Wednesday, September 17, 2014

Where Did All Of Aaron Rodgers's Weapons Go?

Over the past few seasons, QB Aaron Rodgers has been pretty consistent about spreading the ball around. Last season, WR Jordy Nelson led the team with 126 targets (22% of all pass attempts) with WR James Jones second at 16%. It's a little harder to rank TE and the other WR position because Randall Cobb and Jermichael Finley each missed 10 games, but WR Jarrett Boykin was targeted on 14% of pass attempts and Finley and TE Andrew Quarless combined were targeted 15%.

I'd expect the top two receivers (Nelson and Cobb) to be targeted on 20-25% of pass attempts, the number three wide receiver at 15-20%, and the number one tight end at about 15%. But that's not at all what's happened so far this season.

Coming into this season, Boykin was expected to be the number three WR and he's only been targeted three times in two games (one reception). The starting TE, Richard Rodgers, hasn't been targeted a single time. Instead, 30 of 75 pass attempts (40%) have been thrown to Nelson. That might not seem like such a bad idea, targeting their best receiver 40% of the time (Cobb's at 20%), but Aaron Rodgers's yards per game are at 242.5 in 2014 (down from 268.8 in 2013) and RB Eddie Lacy's per game yardage is half of what he had in 2013. The offense hasn't been as effective when they can only count on Nelson for yards and Cobb for touchdown receptions.

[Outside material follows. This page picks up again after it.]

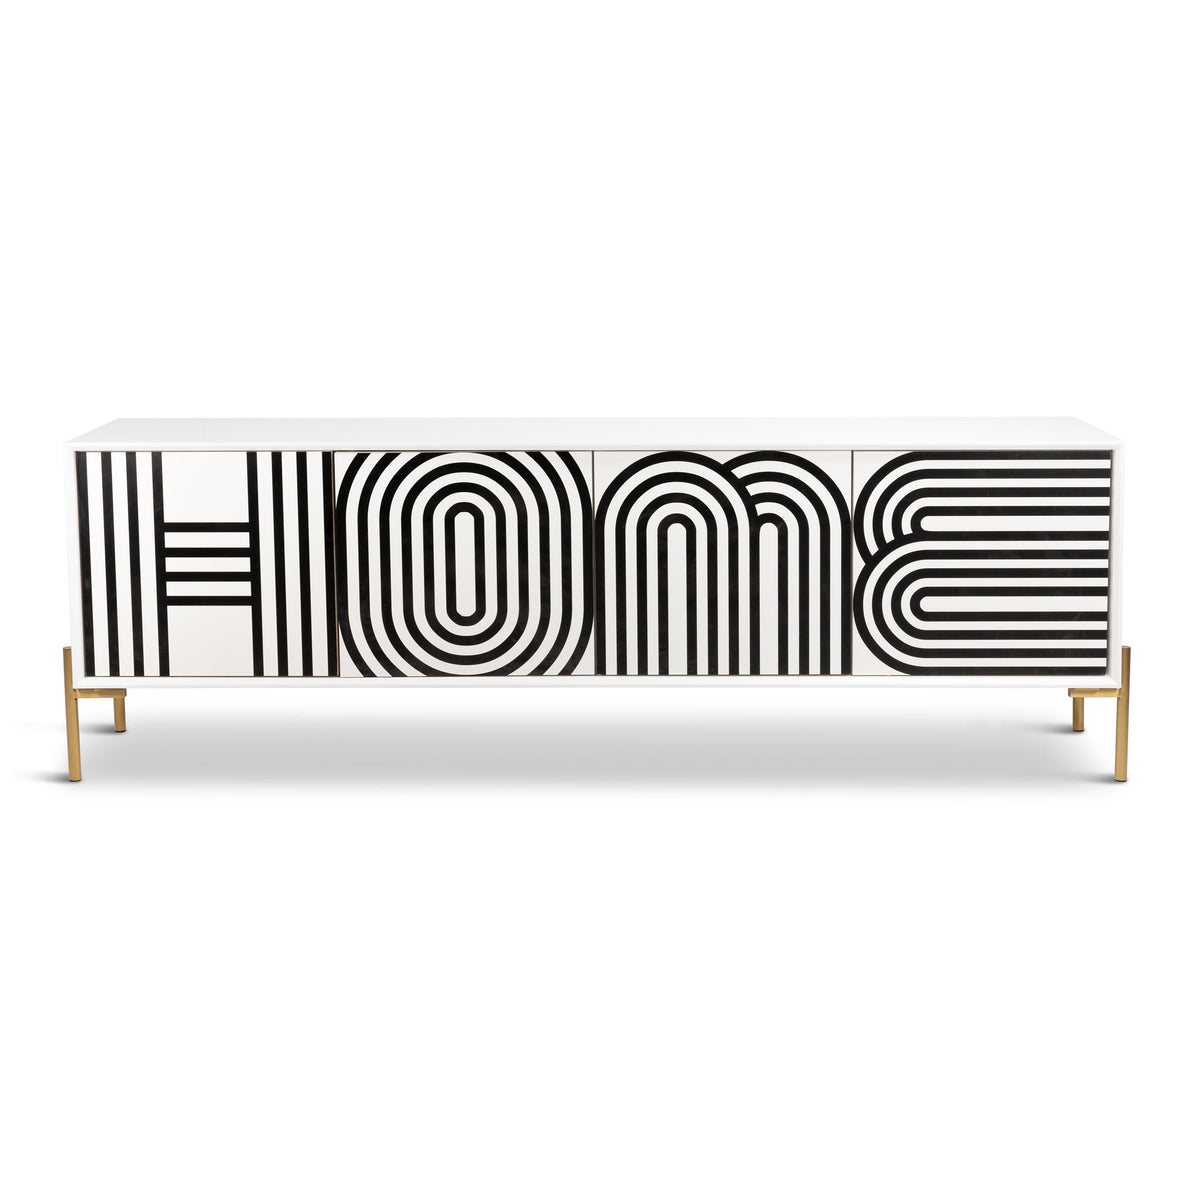 Home Is Where The Heart Is Credenza

I don't know why Boykin or Richard Rodgers have been invisible in the first two games, but rookie WR Davante Adams did emerge against the Jets with 5 receptions on 7 targets. Adams played little against the Seahawks in Week 1 (no targets) but if he kept up his Week 2 usage over the course of the entire season, he would receive about 20% of all pass attempt. That's the usage I was expecting from their number three receiver. Maybe Boykin is better suited as the number four receiver and Adams will move ahead of him shortly.

Whatever happens, the Packers have to find away to get more receivers involved in the offense.